- Born: Tarad Muhammad al-Jarba November 20, 1979 Iraq
- Died: 8 September 2017 (aged 37) Near Deir ez-Zor, Syria
- Occupation: Islamic militant
- Known for: Member of Islamic State

= Abu Muhammad al-Shimali =

Islamic militant (1979–2017)

Tarad Mohammad al-Jarba (طراد محمد آل الجربا; 20 November 1979 – 8 September 2017), better known by his kunya Abu Muhammad al-Shimali (أبو محمد الشمالي), was an Iraqi-born citizen of Saudi Arabia and a senior leader of the Islamic State of Iraq and the Levant (ISIL).

== History ==
Abu Muhammad al-Shimali joined Al-Qaeda in Iraq in 2005, continuing his association with the group when it eventually evolved into and became ISIL. He was from the al-Jarba branch of the Shammar tribe.

== Militant activity ==
According to the United States Department of State Rewards for Justice Program, he served "as a key leader in ISIL’s Immigration and Logistics Committee" and helped foreigners travel to fight in Syria, usually via Gaziantep, Turkey, and the Syrian border town of Jarabulus, which at the time was ISIL controlled. Al-Shimali and his logistics teams also controlled smuggling, financial transfers and movement of supplies into Syria and Iraq from Europe, North Africa, and the Arabian Peninsula.

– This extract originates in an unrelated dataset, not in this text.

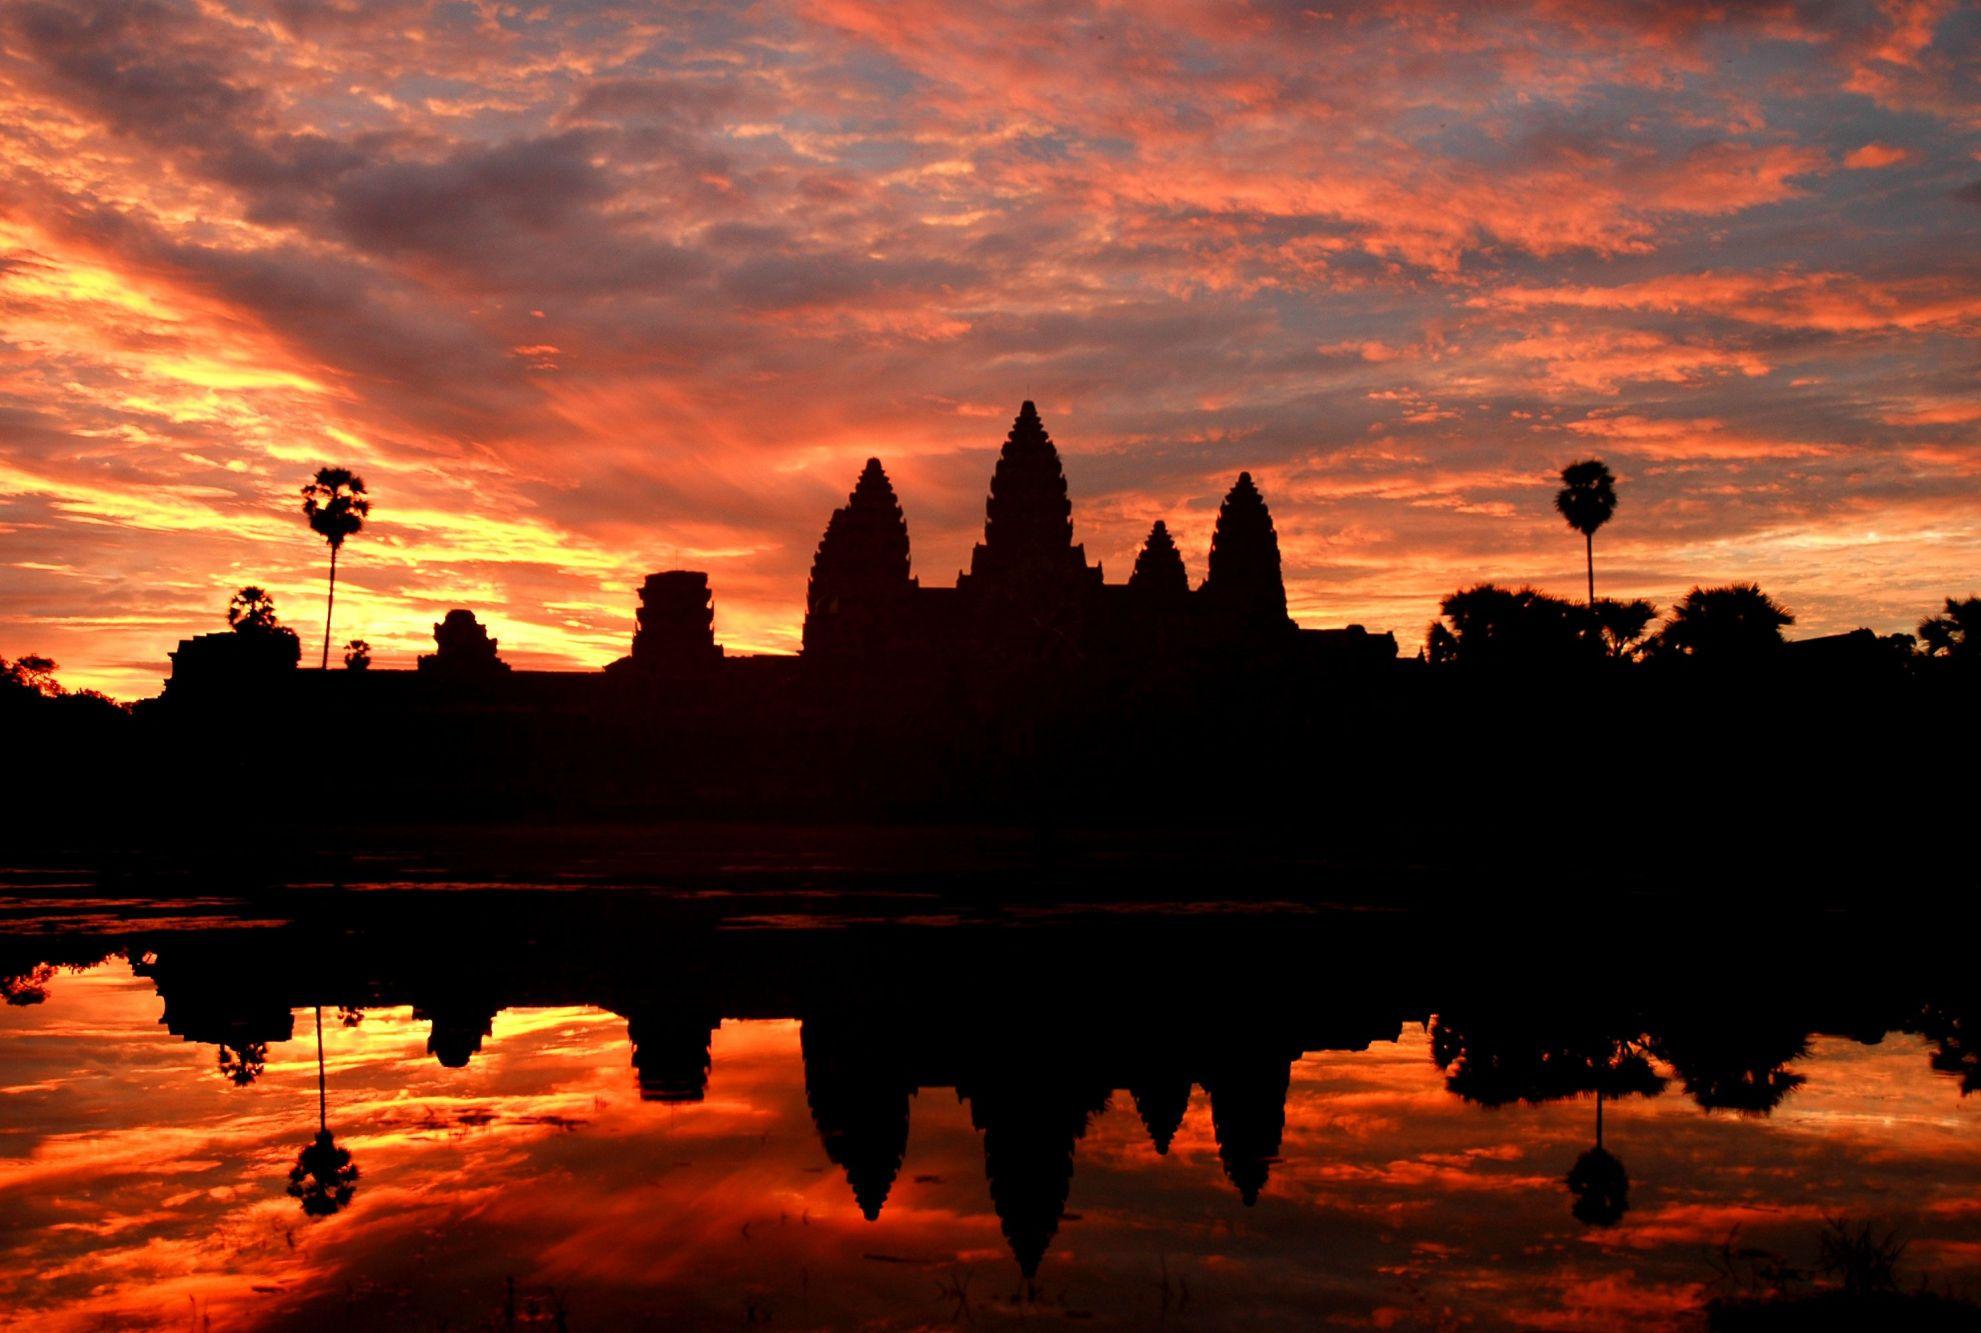 Fond d 39 cran cambodge maximumwall for Fond ecran hd 2016

On September 29, 2015, the U.S. Department of the Treasury placed al-Shimali on its Specially Designated Nationals list for acting for or on behalf of ISIL. The designation blocked his financial assets and prohibited American citizens and financial institutions from dealing with him. On the same day, he was also listed on the United Nations Security Council 1267/1989 (Al-Qaida) Sanctions List, which imposed a travel ban, asset freeze, and arms embargo on al-Shimali. He was also the subject of an active INTERPOL-UN Special Notice (in the name of Tarad Mohammad al-Jarba), which was issued to alert law enforcement agencies worldwide that an individual or entity was subject to UN sanctions.

According to The Telegraph he may have played a role in the November 2015 Paris attacks due to his position in managing the flow of fighters across the Syria–Turkey border.

On 8 September 2017, al-Shimali was killed during a Russian airstrike near Deir ez-Zor, Syria, along with Gulmurod Khalimov. The United States removed al-Shimali from their Rewards for Justice Program in 2022.